**REQUIREMENT**
Retype exactly the lines below, starting with the line that contains "Portada Pizzas Heladios Hidalgo" and ending with the last line; leave out any pictures.

**DATA SEGMENT**
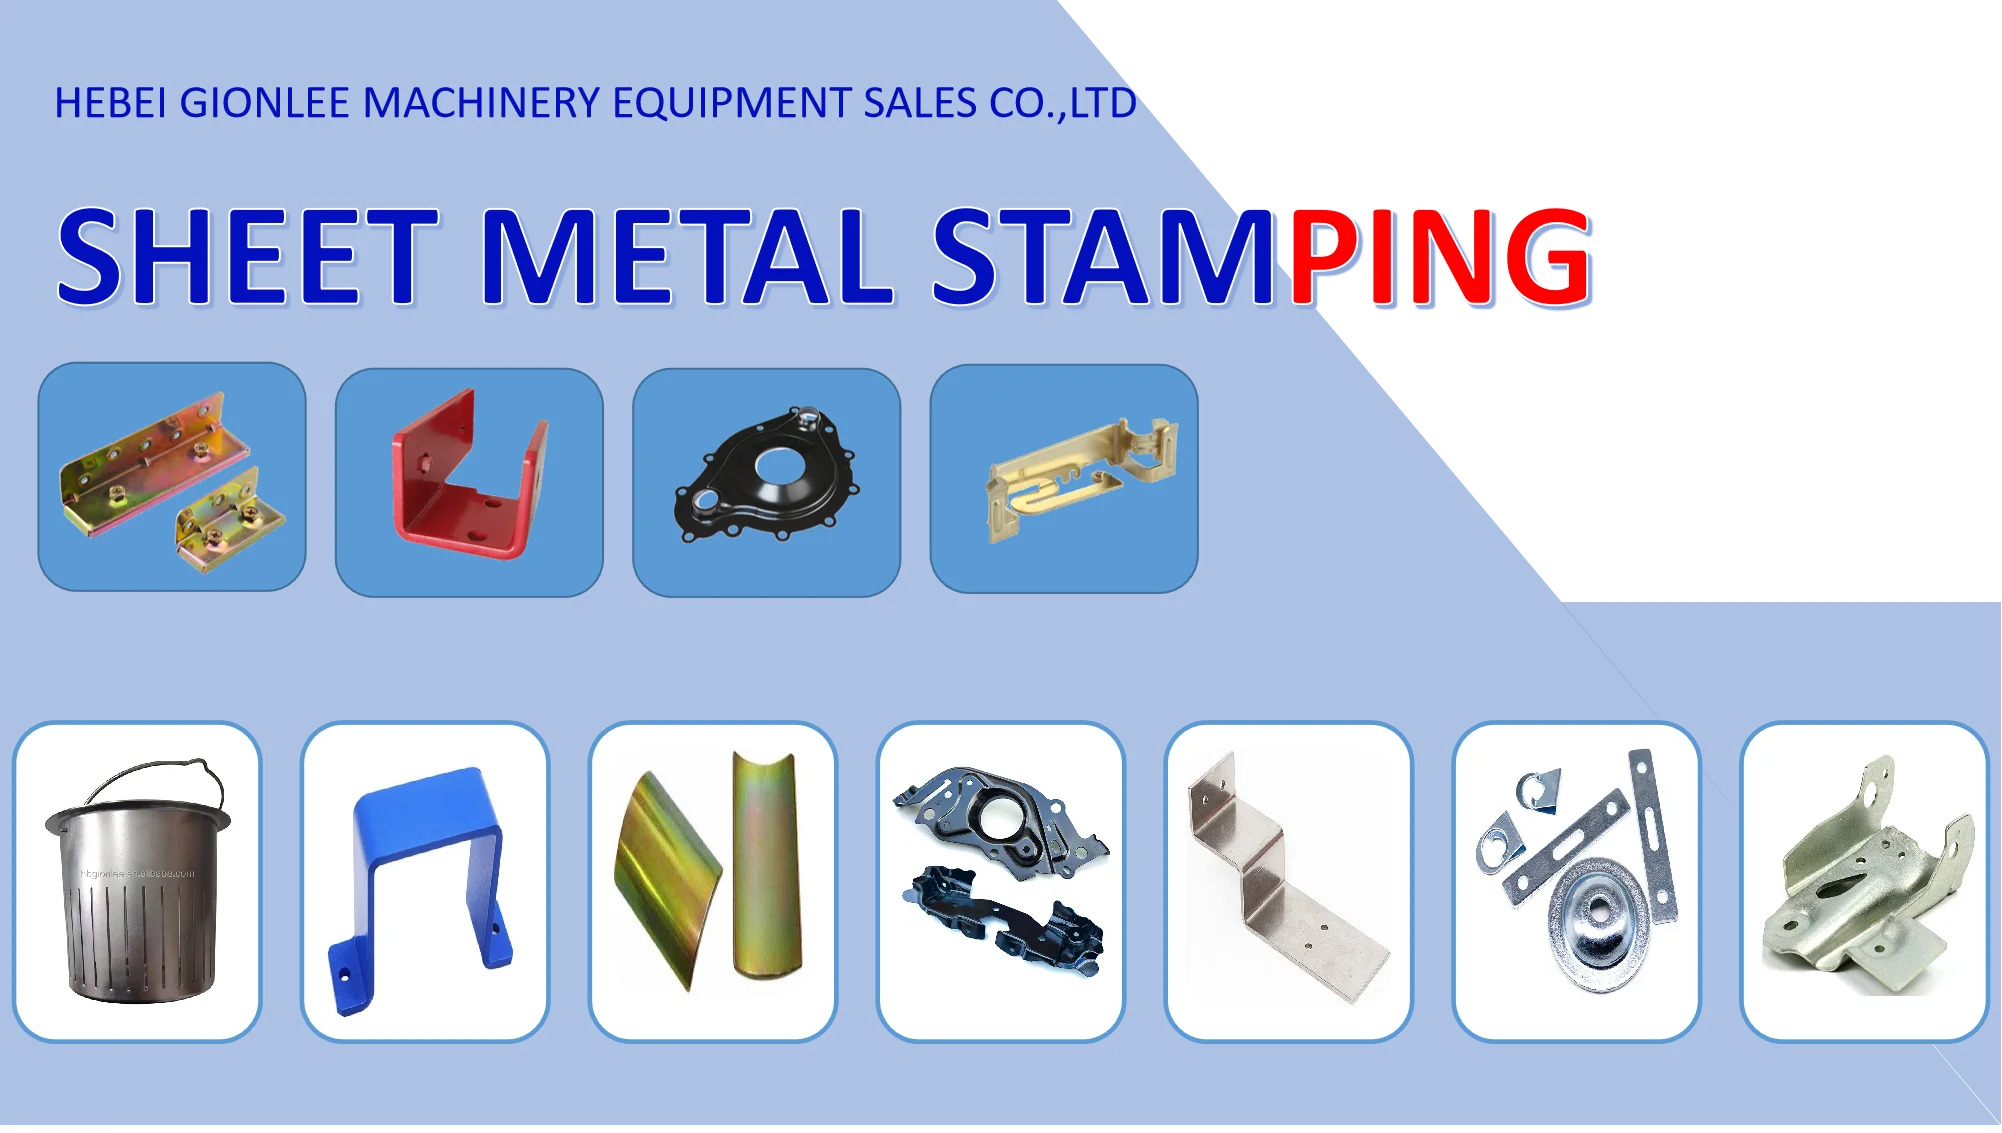 High Quality Sheet Metal Parts Services Sheet Metal Bending Stamping Sheet Metal Fabrication
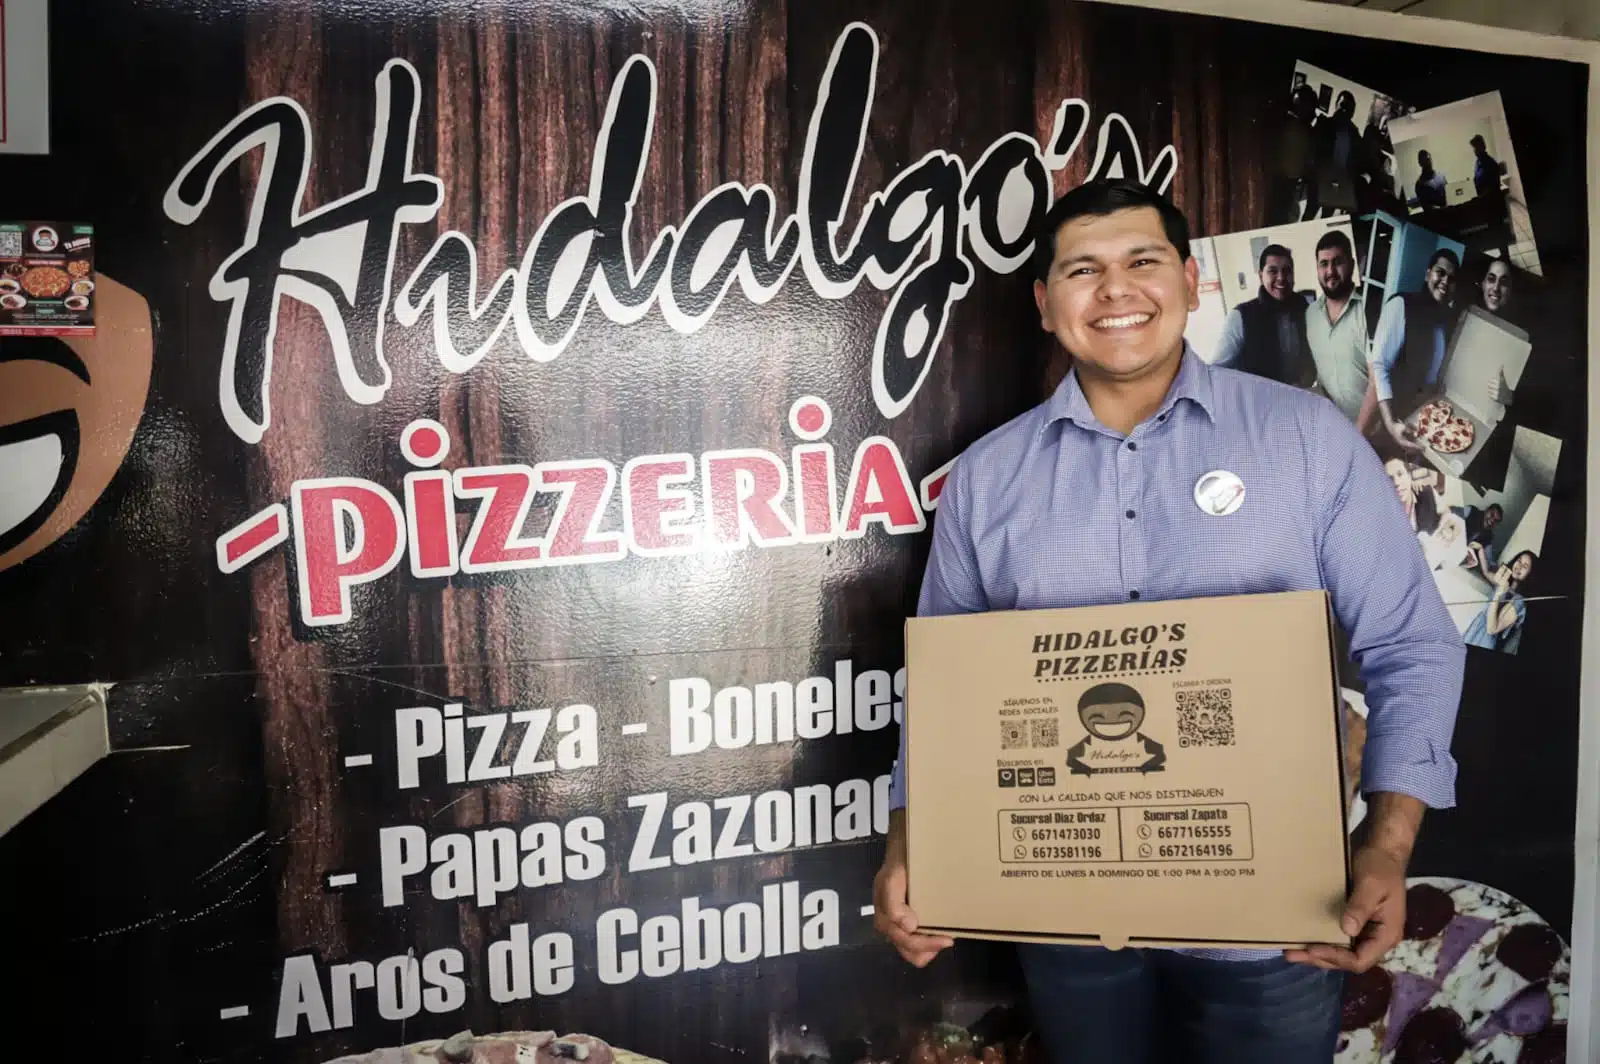 Portada Pizzas Heladios Hidalgo
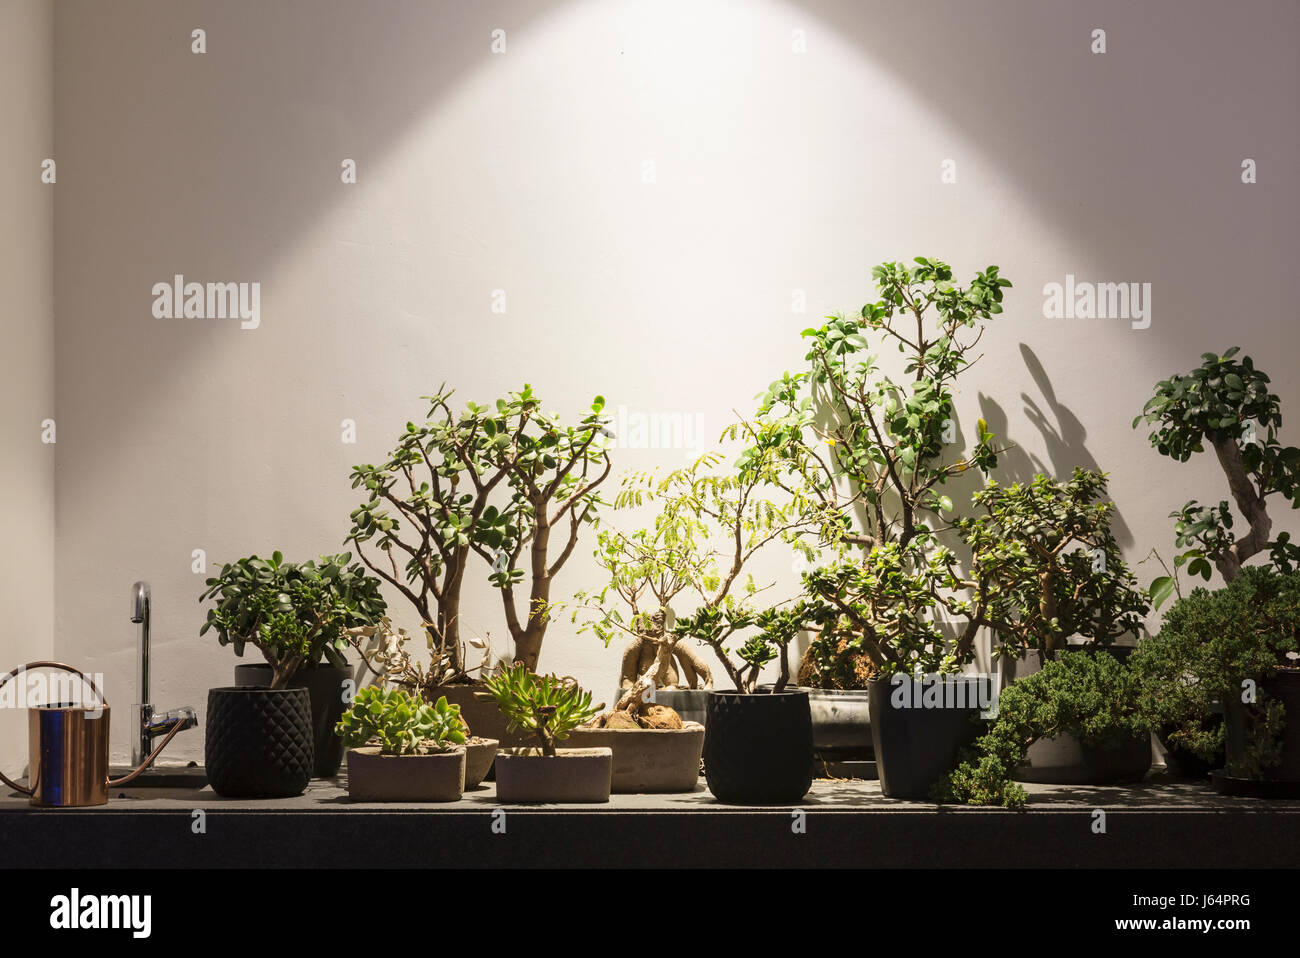 Plantes tropicales et arbres Bonsais sous illumination de la lumière Banque D'Images

**WRITTEN RESPONSE**
 Portada Pizzas Heladios Hidalgo
 Plantes tropicales et arbres Bonsais sous illumination de la lumière Banque D'Images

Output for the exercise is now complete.